2023-11-07T08:56:18+00:00

The TCP packet size used on the passt L2 link (qemu socket) makes a huge
difference to passt/pasta throughput; many of passt's overheads (chiefly
syscalls) are per-packet.

That packet size is largely determined by the MTU on the L2 link, so we
benchmark for a number of different MTUs.  That works well for the guest to
host transfers.  For the host to guest transfers, we purport to test for
different MTUs, but we're not actually adjusting anything interesting.

The host to guest transfers adjust the MTU on the "host's" (actually ns)
loopback interface.  However, that only affects the packet size for the
socket going to passt, not the packet size for the L2 link that passt
manages - passt can and will repack the stream into packets of its own
size.  Since the depacketization on that socket is handled by the kernel it
doesn't have a lot of bearing on passt's performance.

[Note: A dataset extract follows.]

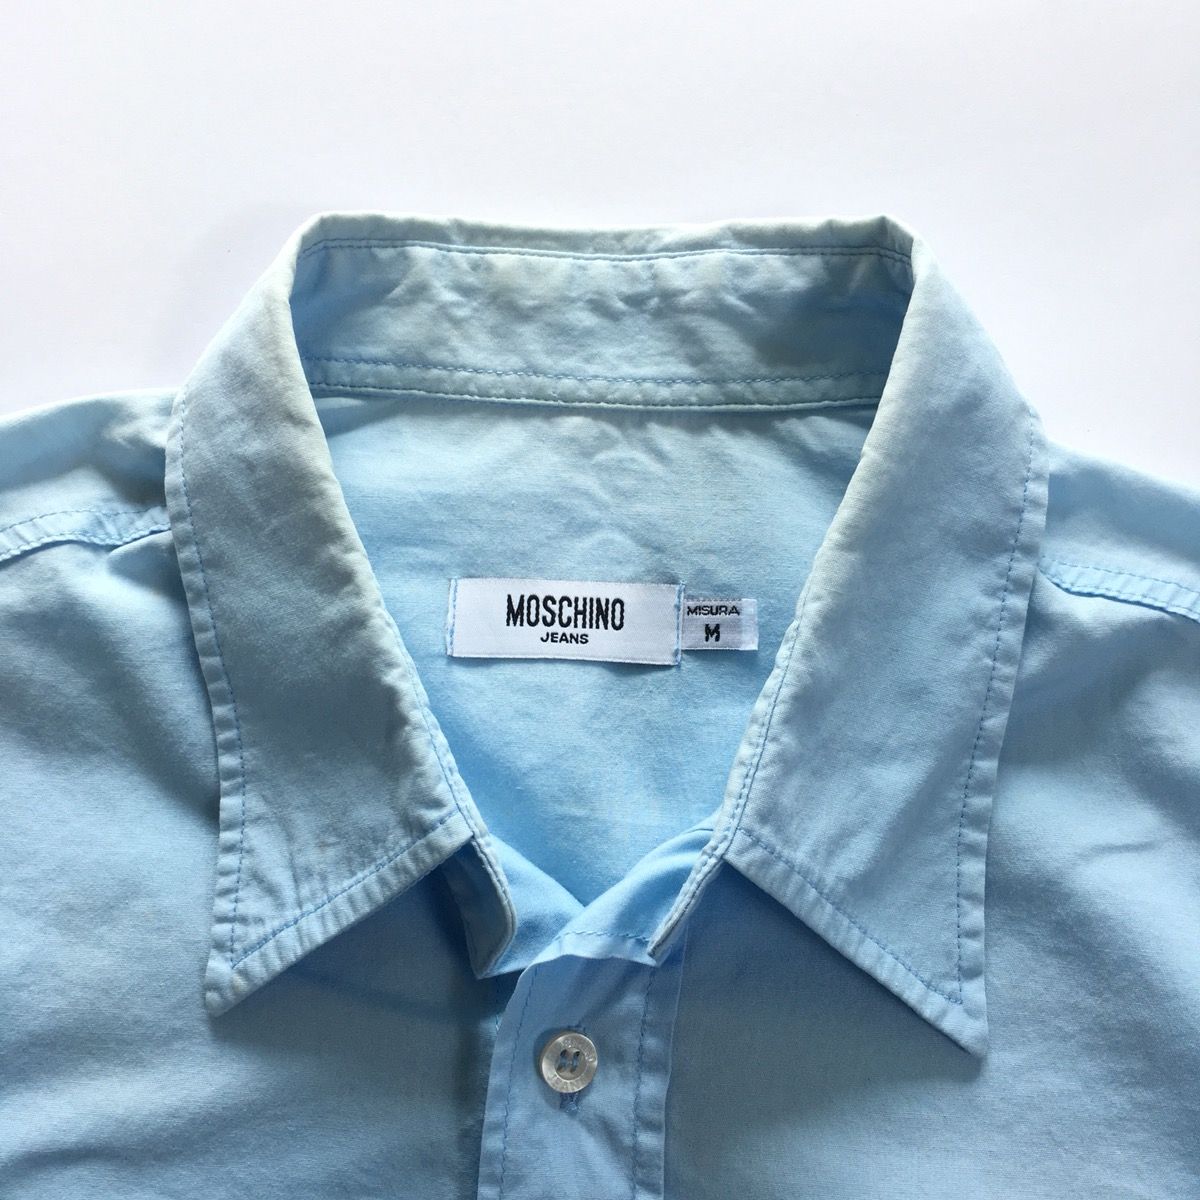 Moschino Jeans Rally 31 Button Shirt - 3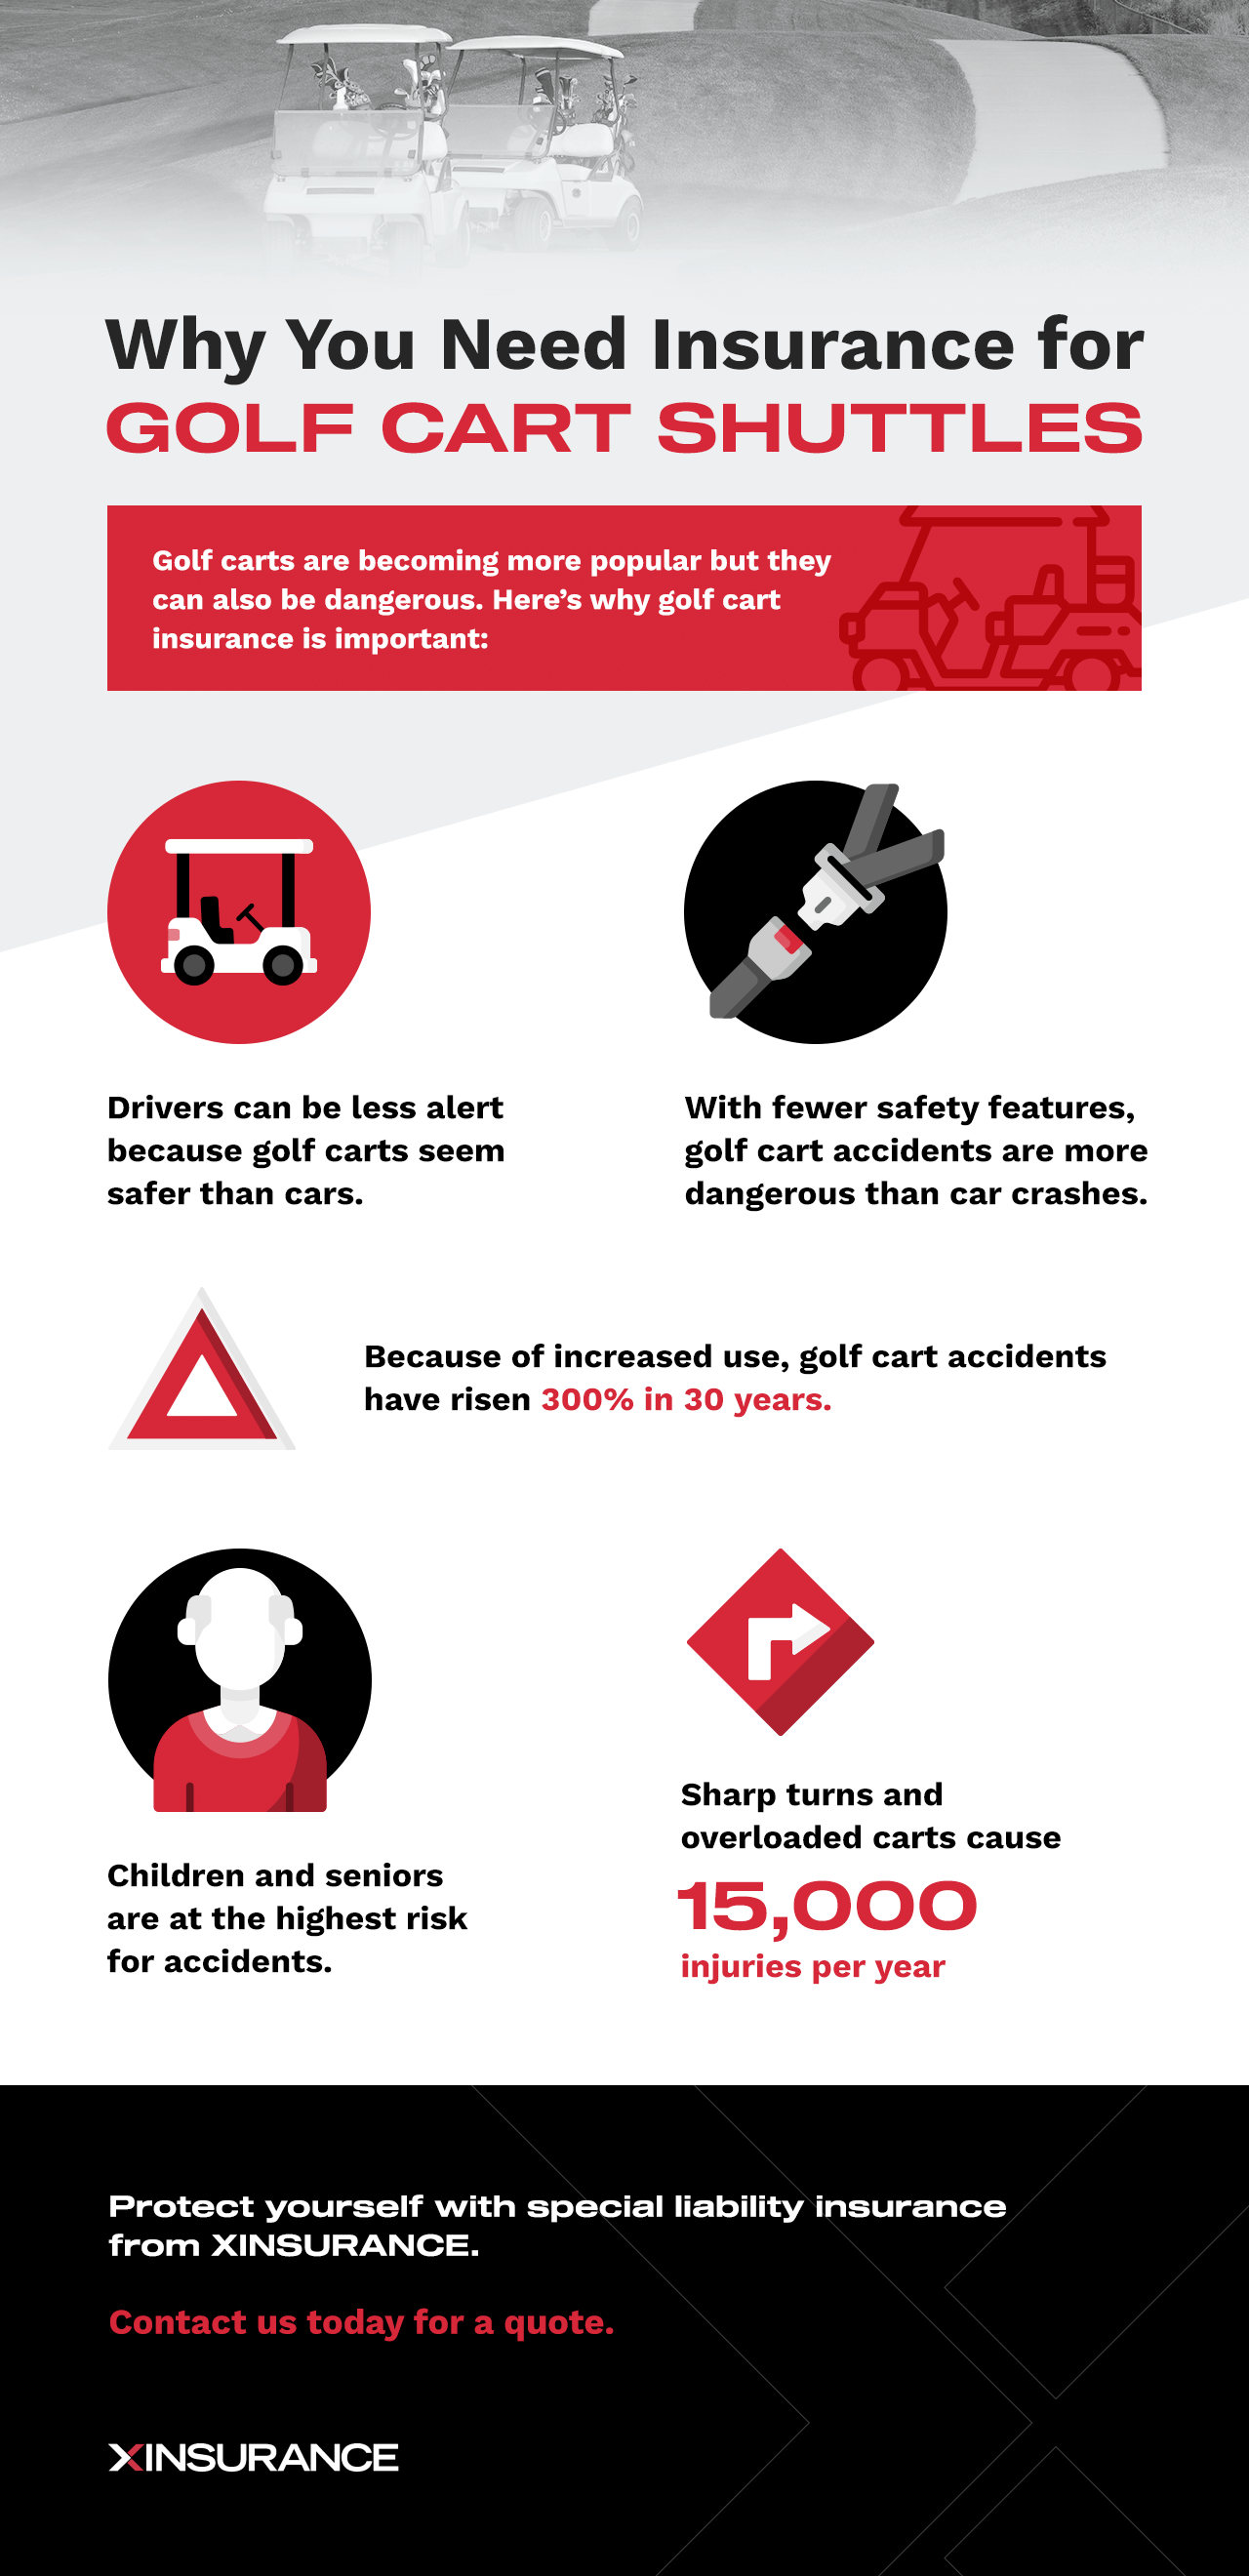 Infographic on why you need insurance for golf cart shuttles

We can't fix this by changing the L2 link MTU from the guest side (as we do
for guest to host), because that would only change the guest's view of the
MTU, passt would still think it has the large MTU.  We could test this by
using the --mtu option to passt, but that would require restarting passt
for each run, which is awkward in the current setup.  So, for now, drop all
the "small MTU" tests for host to guest.

Signed-off-by: David Gibson 
Signed-off-by: Stefano Brivio